At D. Exterior, exposure to Russia gradually grew over the years and now accounts for 35% to 40% of sales, which reached €22 million before the pandemic, a stream that is also under renewed pressure from higher energy and raw material costs .

The company was already shipping its summer collection and taking orders for the winter when Russia invaded on February 24. In March, Russian retailers struggled to make payments.

Not only is Zanola stuck with about 4,000 spring and summer garments that she has little hope of shipping to Russian customers, she said she is contractually bound to continue producing the winter orders and risking €100,000 in labor and material costs , if these can not be sent .

Over the years, their Russian customers have proven to be ideal customers, Zanola said.
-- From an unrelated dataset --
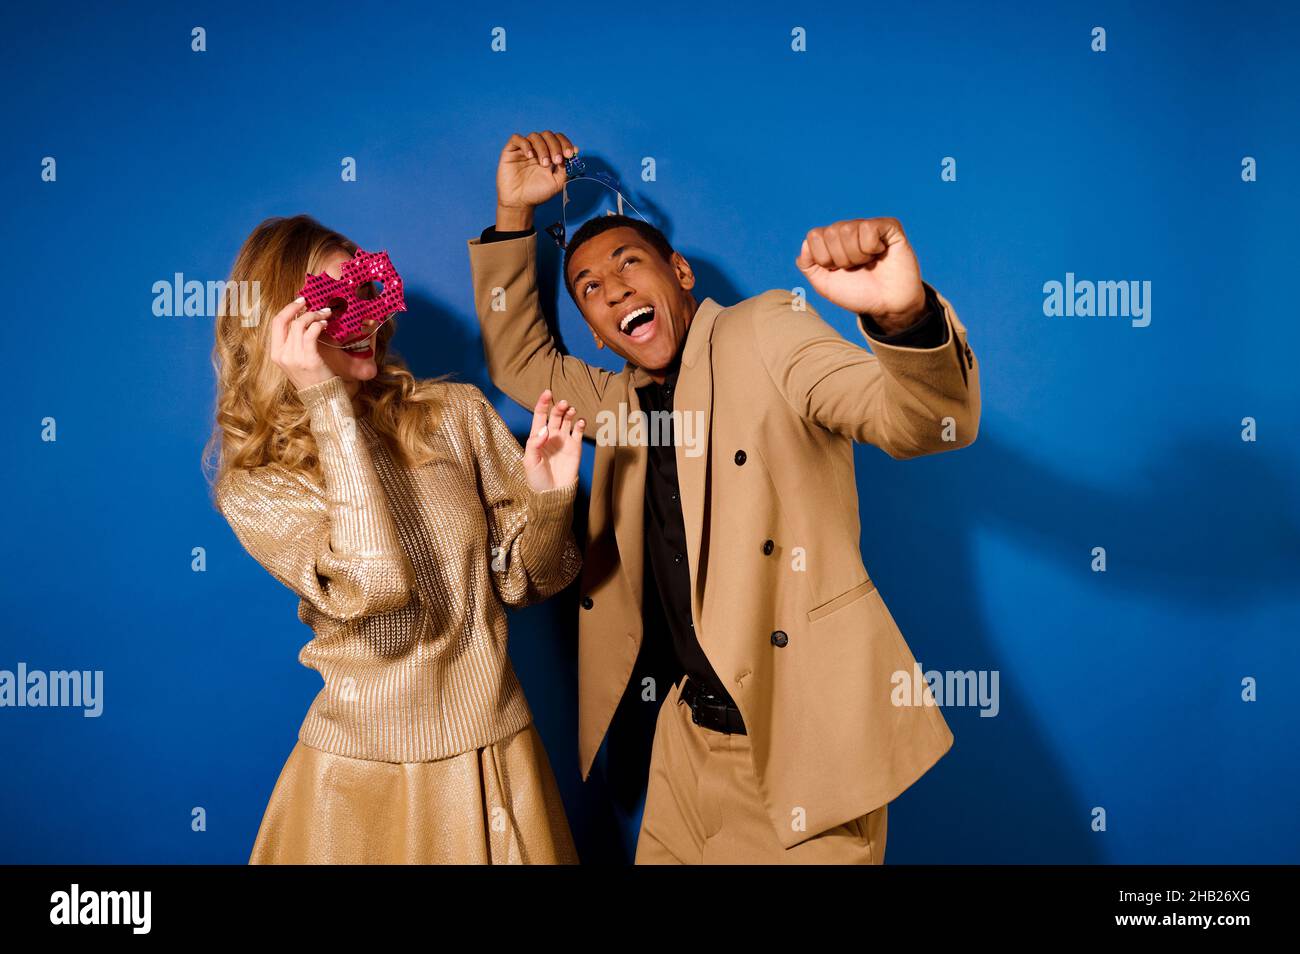 Enthusiastic energetic guy and girl with mask Stock Photo

Not only do you pay on time, you also appreciate the workmanship of D. Exterior knitwear.

After working so hard to build up her Russian client base, she is reluctant to give them up and doesn’t see a quick long-term replacement.

“If Russia were Putin, I wouldn’t go there. But since Russia is not only Putin, one hopes that poor Russians will manage to pick themselves up,” she said.


AP reporter Ciaran Giles contributed from Madrid.